Fast forward three days… I’ve reset the dialer numerous times. Each time it dials for longer stretches, but always stops short of finding the combination. Somewhere in the middle of all this, we decide to call the safe manufacturer to inquire about drill points for this model, just in case. While on the phone with their friendly and helpful support staff, we discover that this safe uses a right-hand dial lock, rather than the standard left-hand dial. Which means we’ve been dialing the wrong direction for two days. Crap. We reset the dialer for right-hand dialing, and let it run for almost two full days. Still no combo.

At this point, we make the decision to drill the safe. I’ve seen lots of movies where people drilled into a safe and manipulated the lock, how hard can it be, right? Turns out it’s pretty hard. Even if you have the right equipment. And a lot of time. I mean a LOT of time. The actual drilling of the safe wasn’t too bad. The Locksmith has a nifty rig that attaches to the safe and holds a drill bit in exactly the right spot. You hook a drill motor up to this apparatus, and run the bit in slowly, so as not to break it. This particular door is 7/16″ thick, and has a 1/4″ hardplate, which is high carbon steel, behind it. Then there’s the lock body. Once you drill the hole, you stick a borescope in, line up the wheels, and you’re off to the races. Easy-peasy, right? Wrong.

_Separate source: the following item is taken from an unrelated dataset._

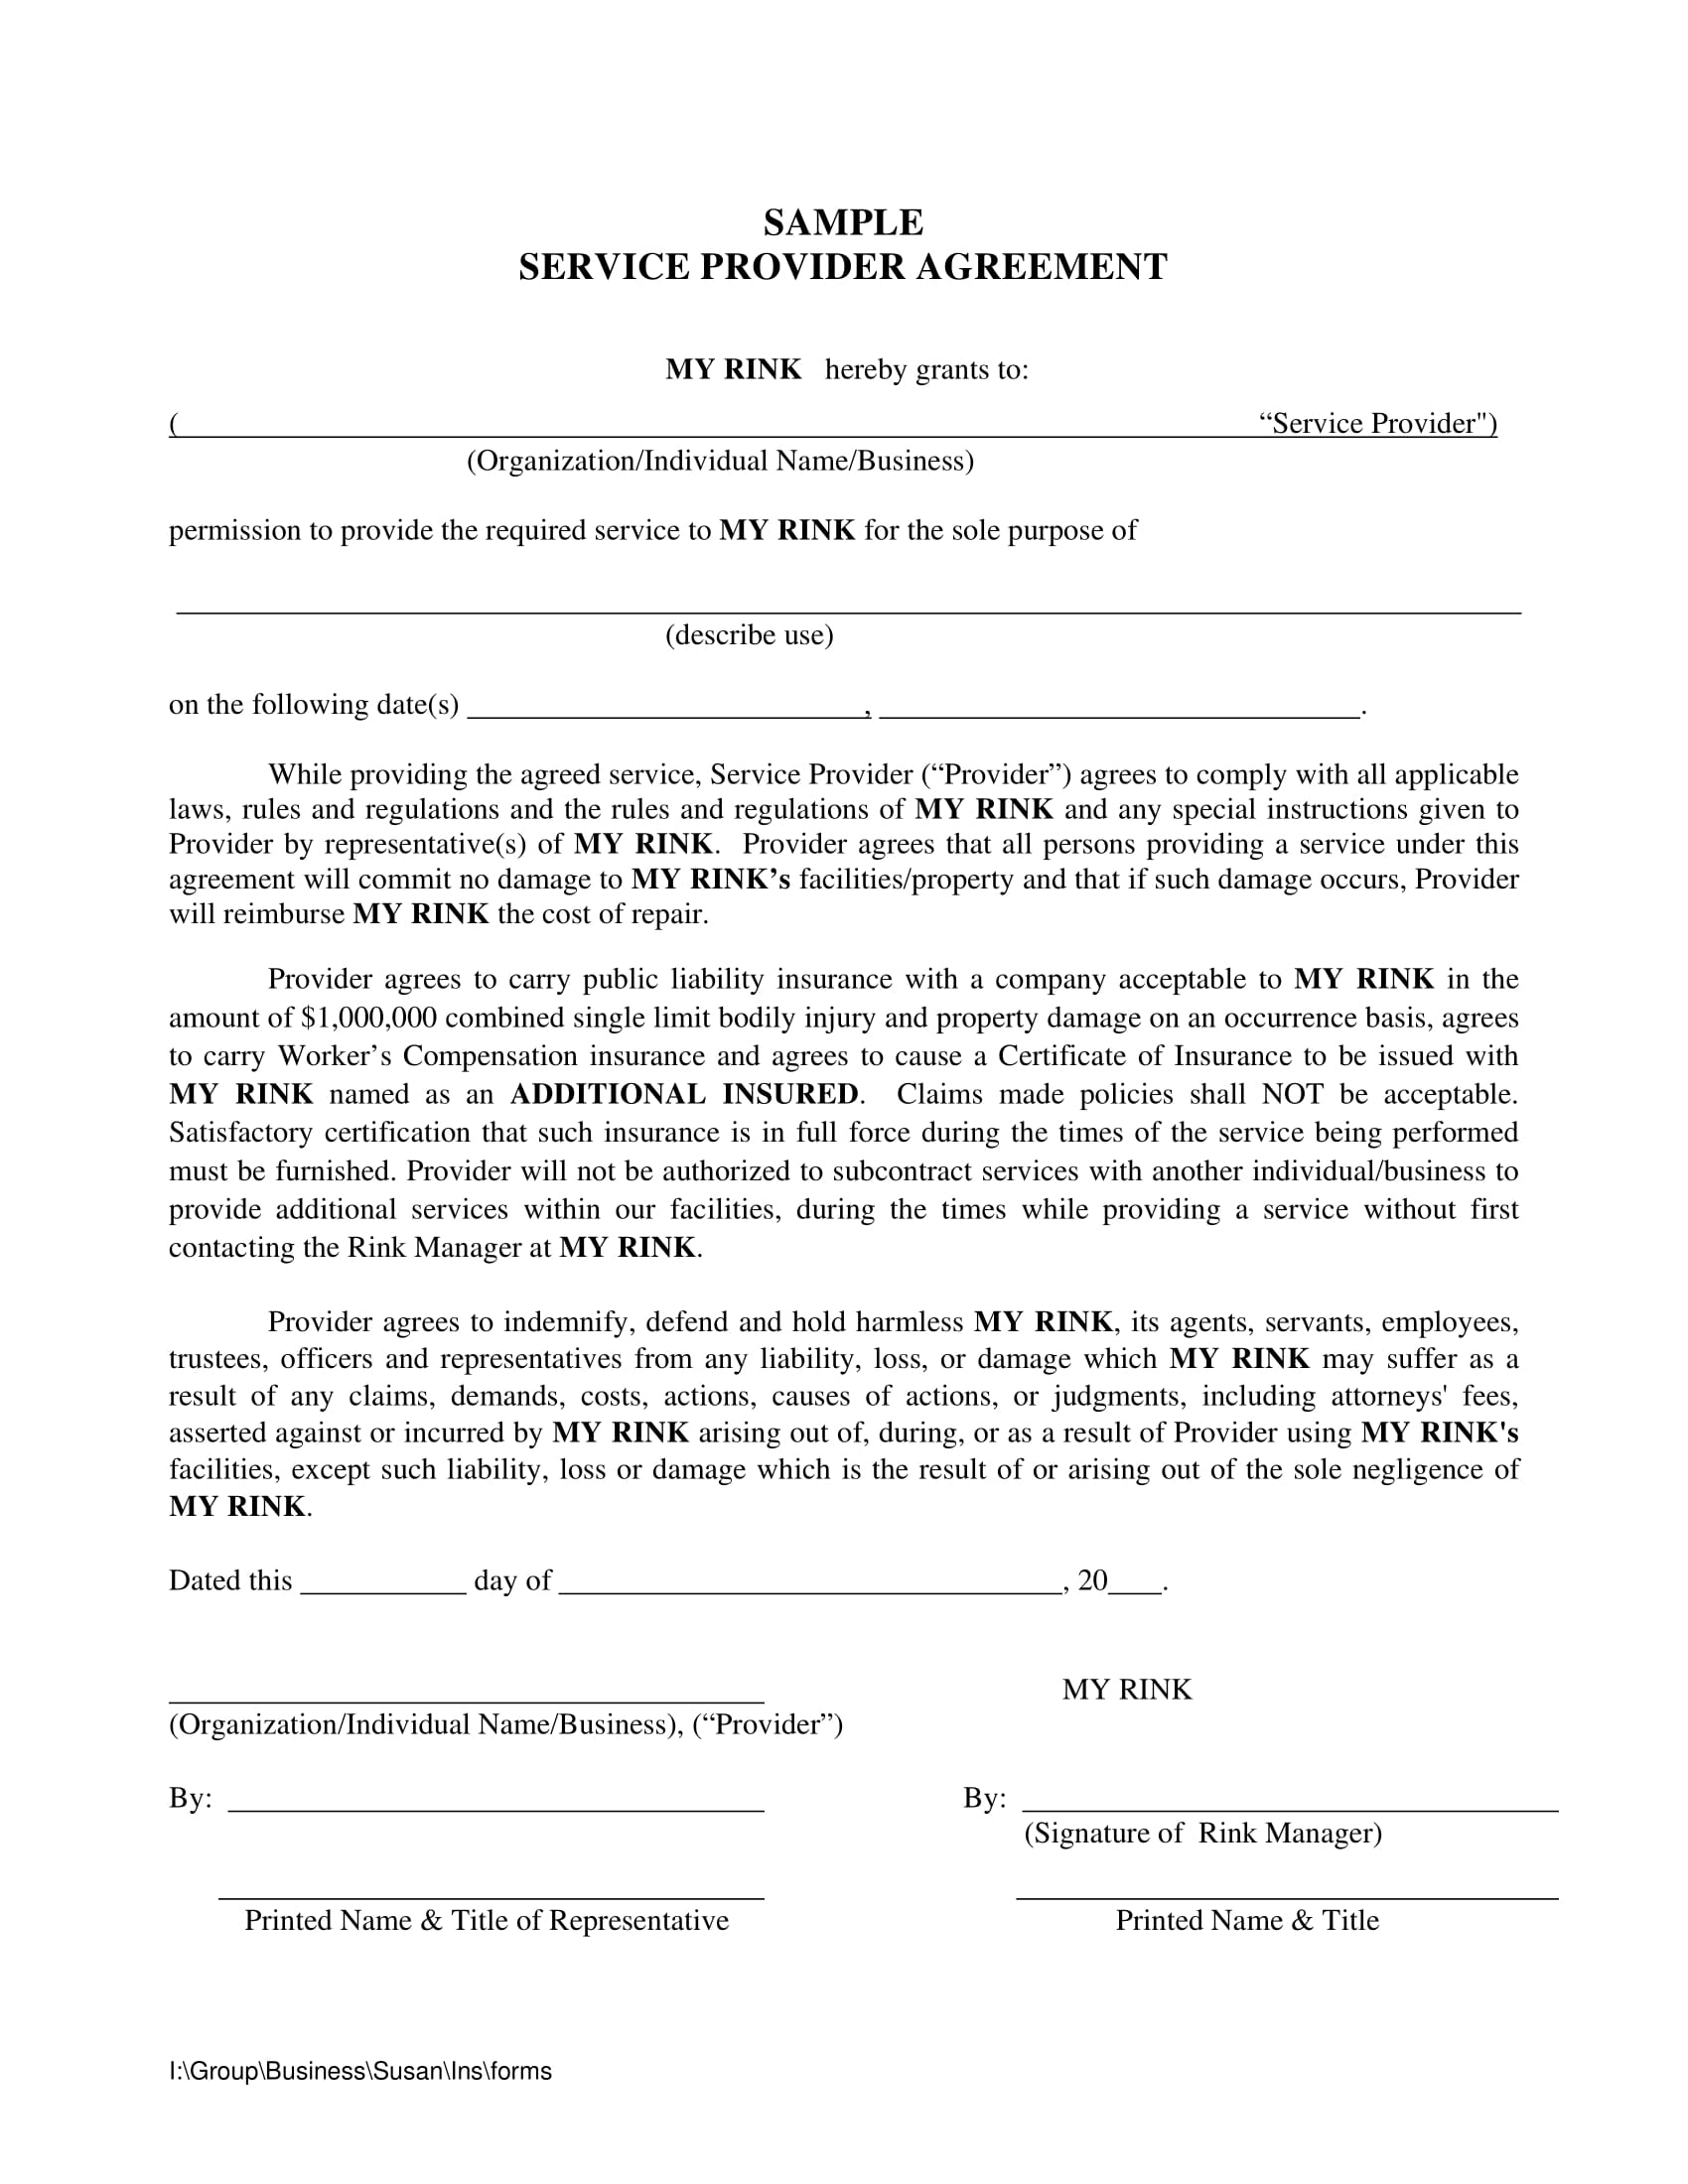 Service Provider Agreement Contract Template Example 1

First, you have to know where to drill the hole for the particular lock on your safe. If you’re a locksmith, this isn’t so hard. I was surprised to discover that if you’re not a locksmith, it isn’t so hard either. As I mentioned earlier, we called the manufacturer to ask about drill points. On the initial call, we were told that we needed to provide several forms of proof that we were either a) the legitimate owners of the safe, or b) qualified locksmiths working for the legitimate owner of the safe. We gathered the necessary info while the dialer ran it’s last run, and when it failed, we called them back. We should have just called back, since the second person we spoke with didn’t bother to verify any of our information. Instead, he gave us the “try-out combination”, which is the default combination as shipped form the factory. All safes have try-out combinations, and you would be surprised to find out how many people never change this default combination. He also gave us the drill points for a borescope, and for the fence. Without verifying any information. So if we HAD stolen this safe, we would now have the default combination, as well as the drill points. The default combo didn’t work, so we decided to drill for the borescope method. Easy-pe…oh forget it, it’s not easy.

You see, looking through the borescope and trying to line the wheels up is like trying to tie your shoes while looking through a telescope. Everything is so close, it’s hard to tell what you’re looking at. You also don’t get a perfect look at both the wheels and the fence, so you have to keep shifting back and forth, all the while keeping the wheels lined up. This requires patience, a steady hand, and patience. To make a long story short(er) again, we did finally get the safe open.

It is entertaining to me that the safe manufacturer would give out information such as the try-out combo or the drill points without any verification that the person on the other end of the phone was legit. It goes to show that social engineering is an important aspect of your security. If an attacker can compromise your security by making an anonymous phone call, do you really have any security at all?